A virtual process chain for diffusion brazing of Ni-based superalloys is presented for the example of Alloy 247. Besides phase-field simulation of different brazing processes, the chain includes solidification with equiaxed and columnar microstructures, heat treatment processes, and annealing and rafting of γ’-precipitates in 3D, as well as conversion of the resulting microstructures into finite element meshes for further evaluation of their properties by FE approaches. The challenges of setting-up a seamless simulation chain are discussed, and the importance of a correct and comprehensive handling of the relevant microstructural quantities is highlighted. Special focus is given to the initial specification and the further evolution of segregation patterns of the different alloying elements in this complex alloy system. The data describing these patterns may originate from experiments or may be generated by prior simulation runs. The description of phase transformations like melting, solidification, or precipitation further requires the simulation of diffusion of numerous chemical elements and their redistribution between existing and newly forming phases.
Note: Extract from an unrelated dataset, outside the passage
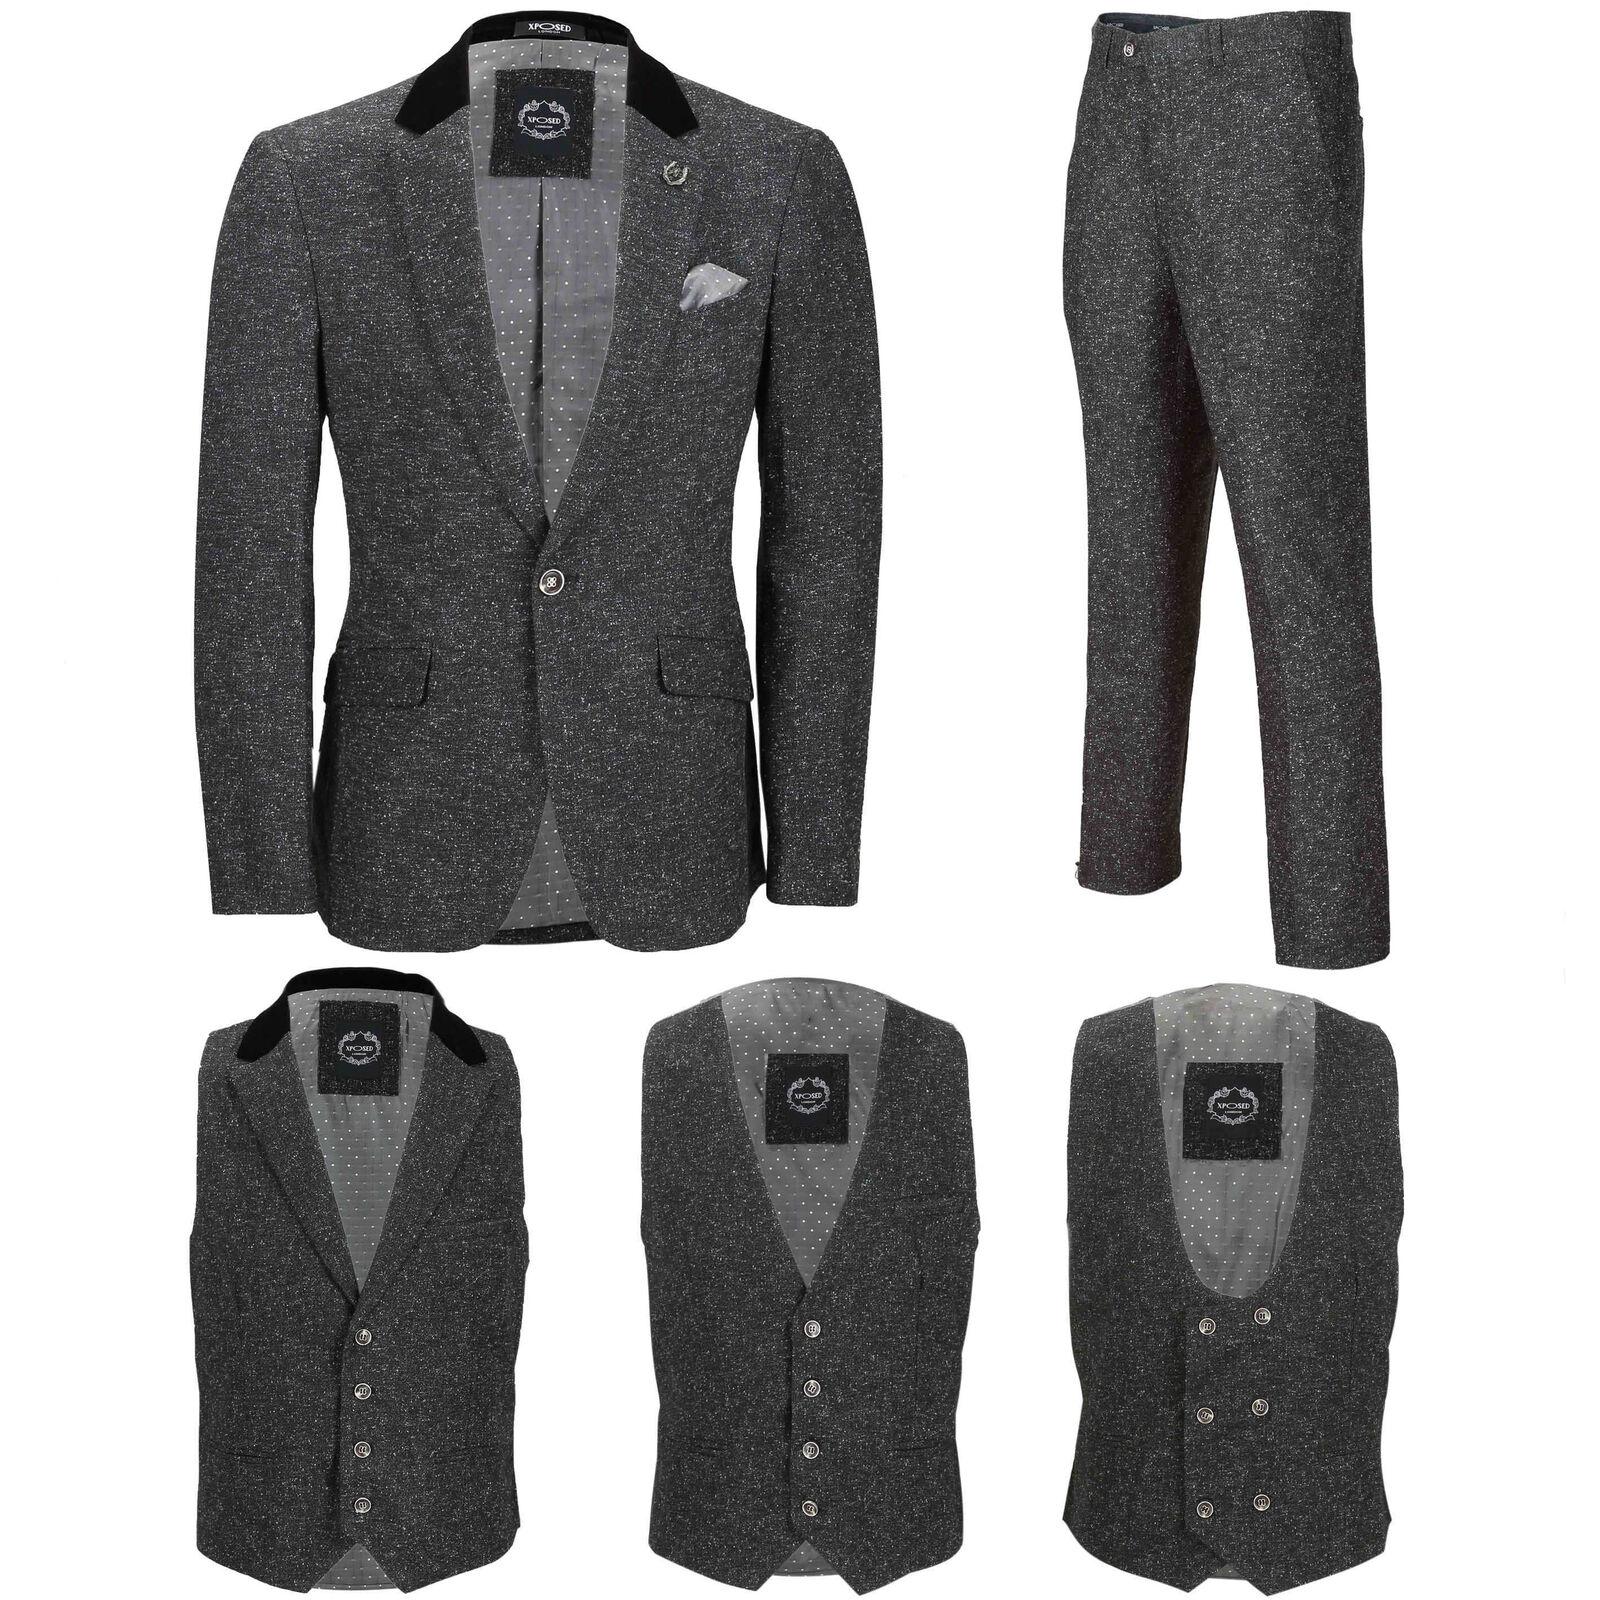 Mens Grey Tweed Wool 3 Piece Suit Sold Separately Retro Blazer Waistcoat Trouser
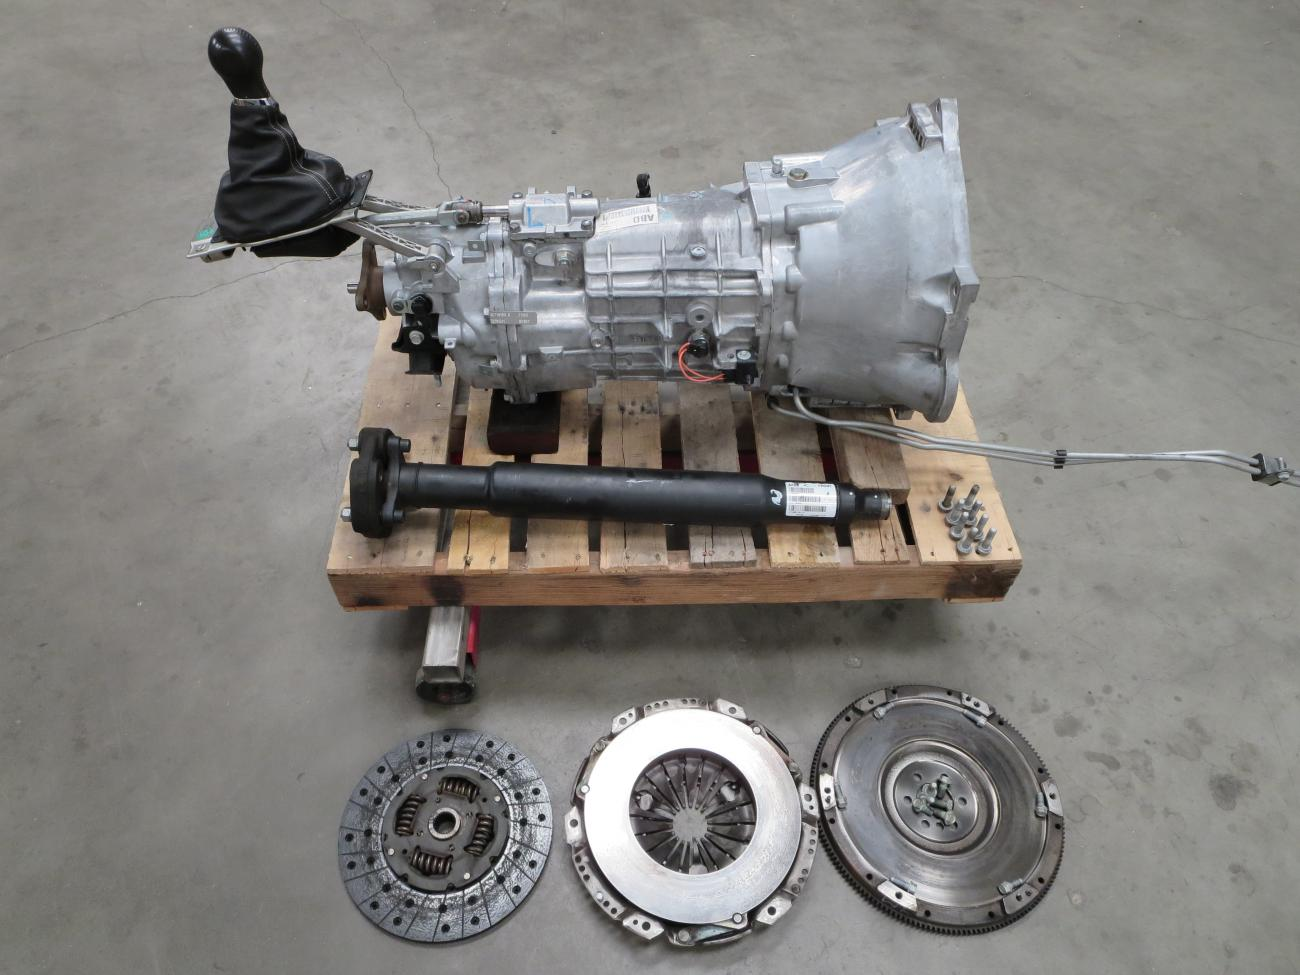 Camaro chevy camaro 5 speed manual transmission : TR6060 6 Speed Manual Swap - Camaro5 Chevy Camaro Forum / Camaro ...

Such multicomponent systems thus require thermodynamic and mobility data which typically are provided by Calphad-type computational tools and databases.

Highlights

  • The seamless simulation of entire process chains, starting from the almost homogeneous and isotropic melt and covering different production steps like casting, solidification, solutioning, brazing, annealing, and eventually rafting under mechanical load, is one of the great visions for Integrated Computational Materials Engineering (ICME) which aims at providing a holistic view on materials, their processing, and their properties

  • Respective simulation scenarios require linking of different process steps and need to interconnect different length scales being relevant for different physical phenomena (Fig. 1)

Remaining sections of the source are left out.